Provided material:
•••••
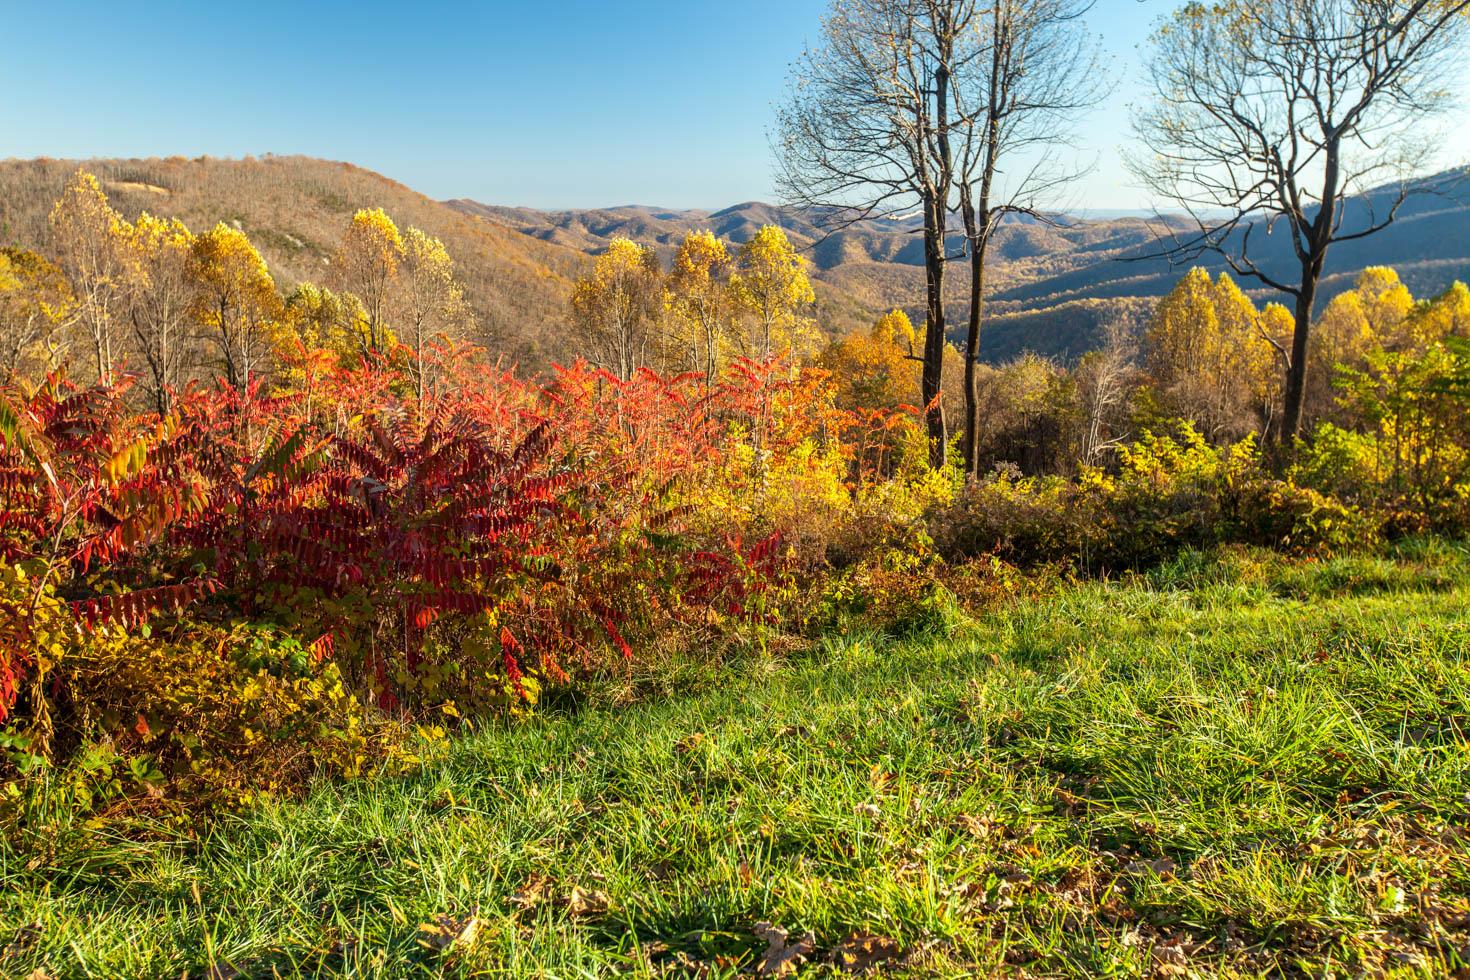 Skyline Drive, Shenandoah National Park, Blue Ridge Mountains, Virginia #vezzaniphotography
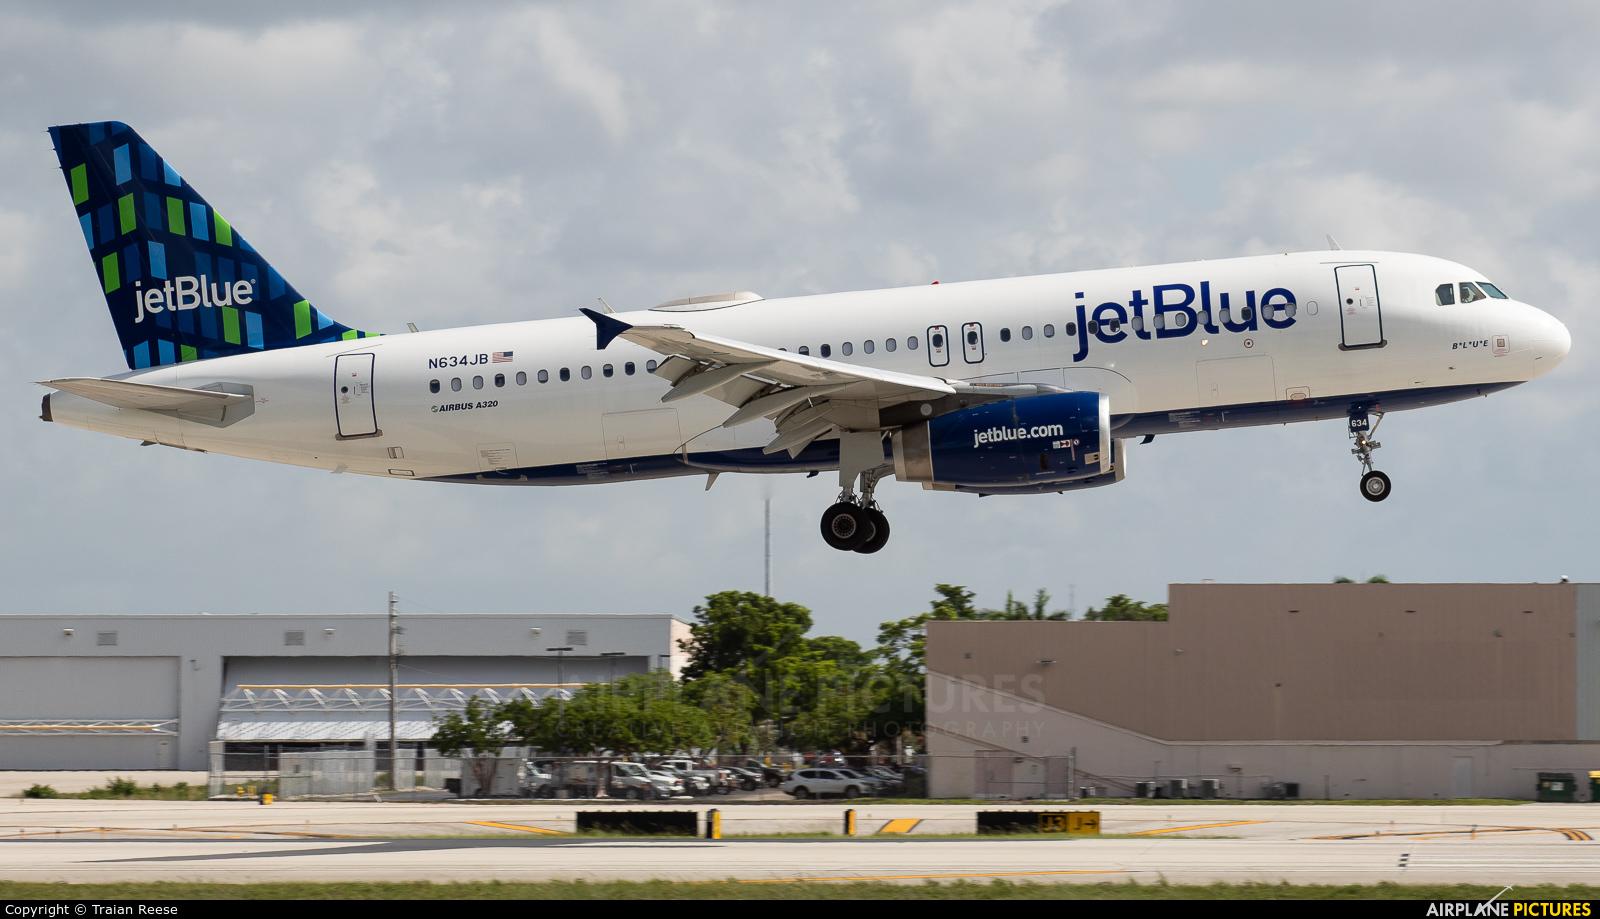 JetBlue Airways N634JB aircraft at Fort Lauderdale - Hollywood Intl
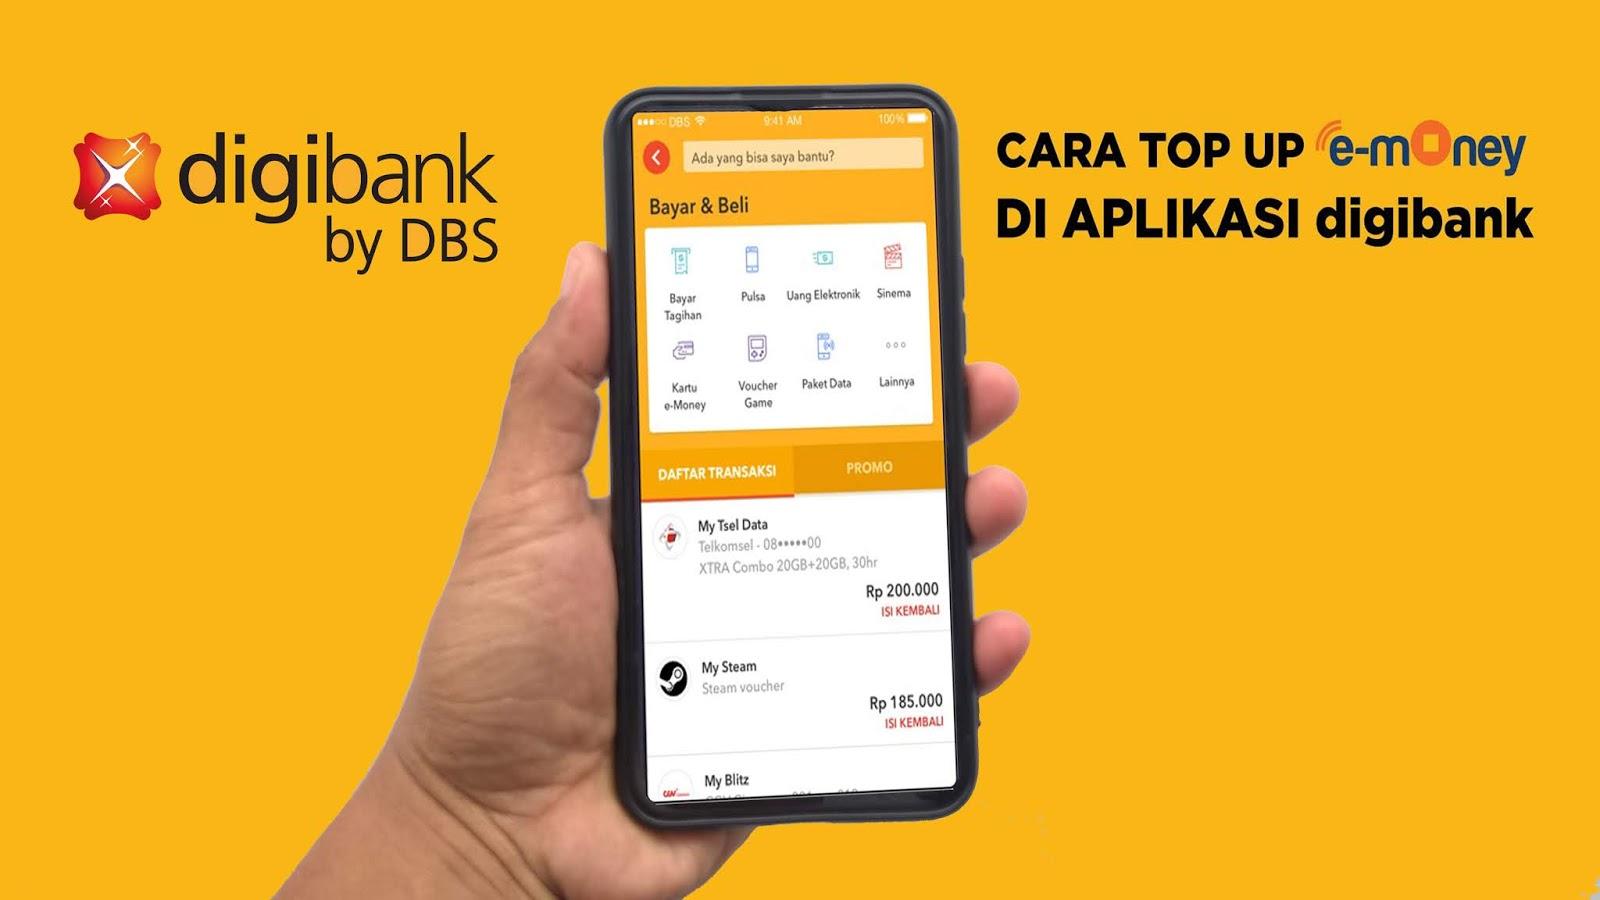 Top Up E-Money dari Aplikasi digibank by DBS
•••••
What the task requires: Please copy out the whole listing exactly as it stands, minus the pictures.

Result of this exercise:
 Skyline Drive, Shenandoah National Park, Blue Ridge Mountains, Virginia #vezzaniphotography
 JetBlue Airways N634JB aircraft at Fort Lauderdale - Hollywood Intl
 Top Up E-Money dari Aplikasi digibank by DBS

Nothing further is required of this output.